## THE DATA
#####

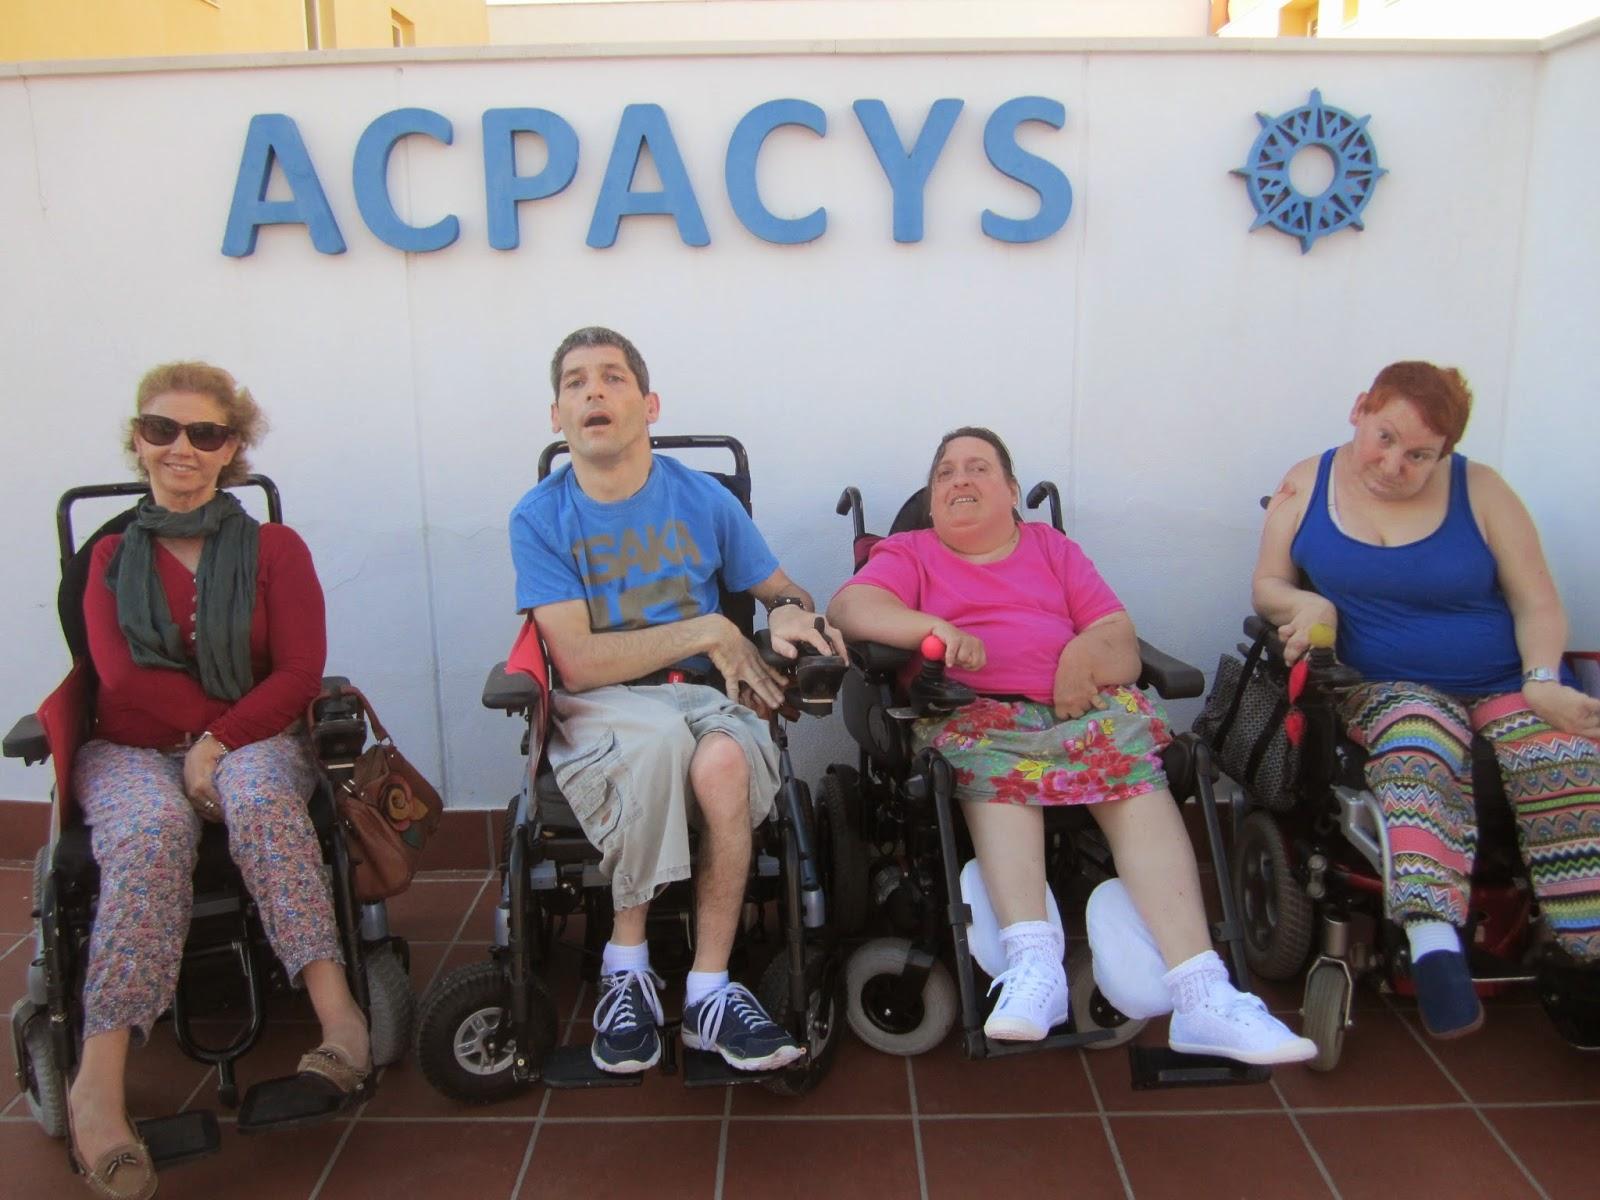 De izquierda a derecha  Ana, Manuel, Mª del Mar y Virtudes junto al logotipo de ACPACYS.
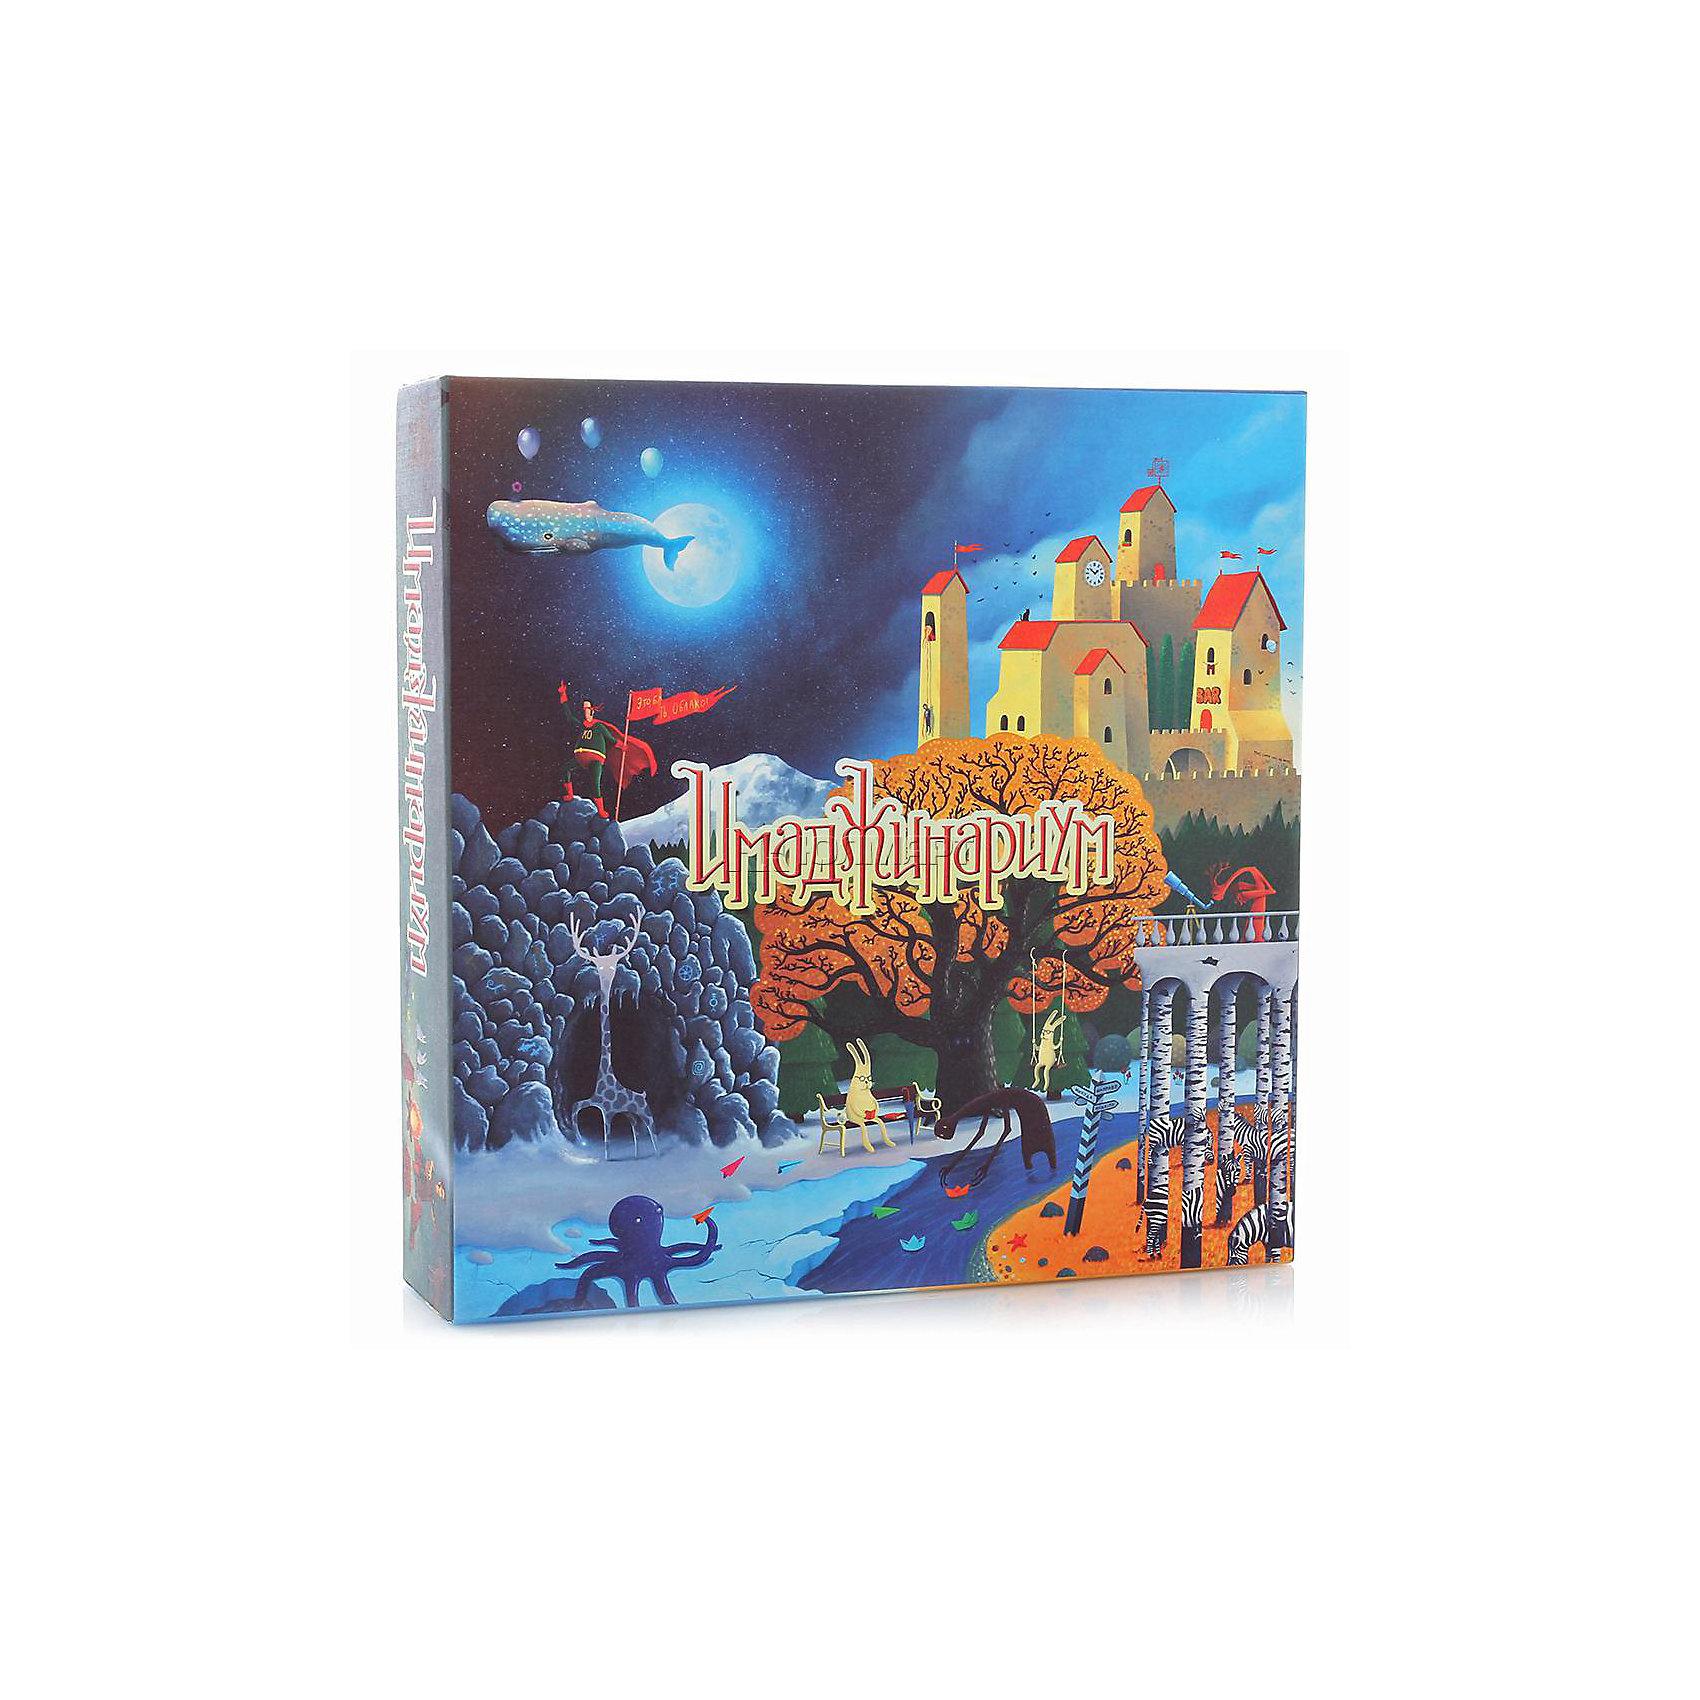 Настольная игра Имаджинариум, Stupid casualНастольные игры для всей семьи<br>«Имаджинариум» — это очень простая и очень интересная игра, в которой нужно придумывать ассоциации к необычным картинкам из коробки. Картинки рисовали сумасшедшие художники, поэтому ассоциаций — от самых простых, вроде «любовь», «зима», «принципиальность», до самых сложных и безумных, в духе «Всё правильно сделал», «Где драма? Опять нет драмы!», «Чак-чак! Беги быстрее!», может быть просто море.<br>Основная задача игроков — угадать, какую именно из выложенных на столе карточек загадал ведущий, и проголосовать за нее. Каждый игрок выбирает одну карточку для голосования с нужным номером и кладет рубашкой вверх. Ведущий не голосует и не комментирует выложенные на столе картинки. Голосовать за свою собственную картинку нельзя. Когда все приняли решение и проголосовали, карточки для голосования переворачиваются и происходит подсчет очков.<br><br>В набор входит:<br> - Поле для подсчёта очков (сделанное прямо на «подиуме» на коробке).<br> - 98 крупных карт с картинками.<br> - 49 карточек для голосования для 7 игроков.<br> - 7 летающих слонов для передвижения по полю.<br> - Правила на русском языке.<br><br> Количество игроков: от 4 до 7 человек.<br><br>Ширина мм: 300<br>Глубина мм: 300<br>Высота мм: 70<br>Вес г: 900<br>Возраст от месяцев: 144<br>Возраст до месяцев: 1188<br>Пол: Унисекс<br>Возраст: Детский<br>SKU: 3202192
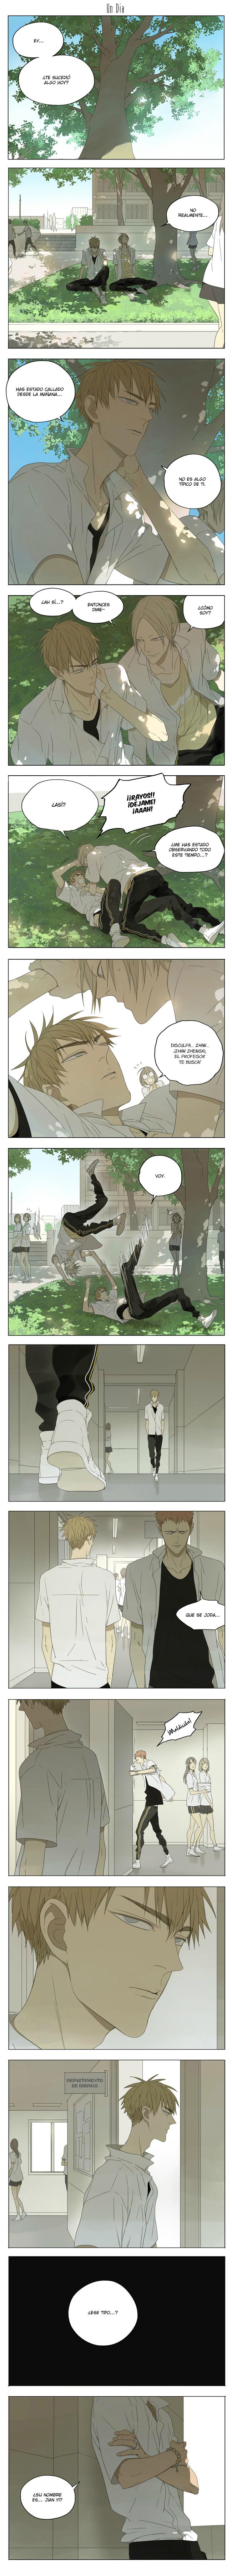 http://c5.ninemanga.com/es_manga/7/15943/430531/54bad81bce2b57e0e8cd64db831b57f3.jpg Page 1

#####

## PROBLEM TO WORK ON
Each line above should be returned exactly as it stands, minus any pictures.

## PROBLEM SOLUTION
 De izquierda a derecha  Ana, Manuel, Mª del Mar y Virtudes junto al logotipo de ACPACYS.
 Настольная игра Имаджинариум, Stupid casualНастольные игры для всей семьи<br>«Имаджинариум» — это очень простая и очень интересная игра, в которой нужно придумывать ассоциации к необычным картинкам из коробки. Картинки рисовали сумасшедшие художники, поэтому ассоциаций — от самых простых, вроде «любовь», «зима», «принципиальность», до самых сложных и безумных, в духе «Всё правильно сделал», «Где драма? Опять нет драмы!», «Чак-чак! Беги быстрее!», может быть просто море.<br>Основная задача игроков — угадать, какую именно из выложенных на столе карточек загадал ведущий, и проголосовать за нее. Каждый игрок выбирает одну карточку для голосования с нужным номером и кладет рубашкой вверх. Ведущий не голосует и не комментирует выложенные на столе картинки. Голосовать за свою собственную картинку нельзя. Когда все приняли решение и проголосовали, карточки для голосования переворачиваются и происходит подсчет очков.<br><br>В набор входит:<br> - Поле для подсчёта очков (сделанное прямо на «подиуме» на коробке).<br> - 98 крупных карт с картинками.<br> - 49 карточек для голосования для 7 игроков.<br> - 7 летающих слонов для передвижения по полю.<br> - Правила на русском языке.<br><br> Количество игроков: от 4 до 7 человек.<br><br>Ширина мм: 300<br>Глубина мм: 300<br>Высота мм: 70<br>Вес г: 900<br>Возраст от месяцев: 144<br>Возраст до месяцев: 1188<br>Пол: Унисекс<br>Возраст: Детский<br>SKU: 3202192
 http://c5.ninemanga.com/es_manga/7/15943/430531/54bad81bce2b57e0e8cd64db831b57f3.jpg Page 1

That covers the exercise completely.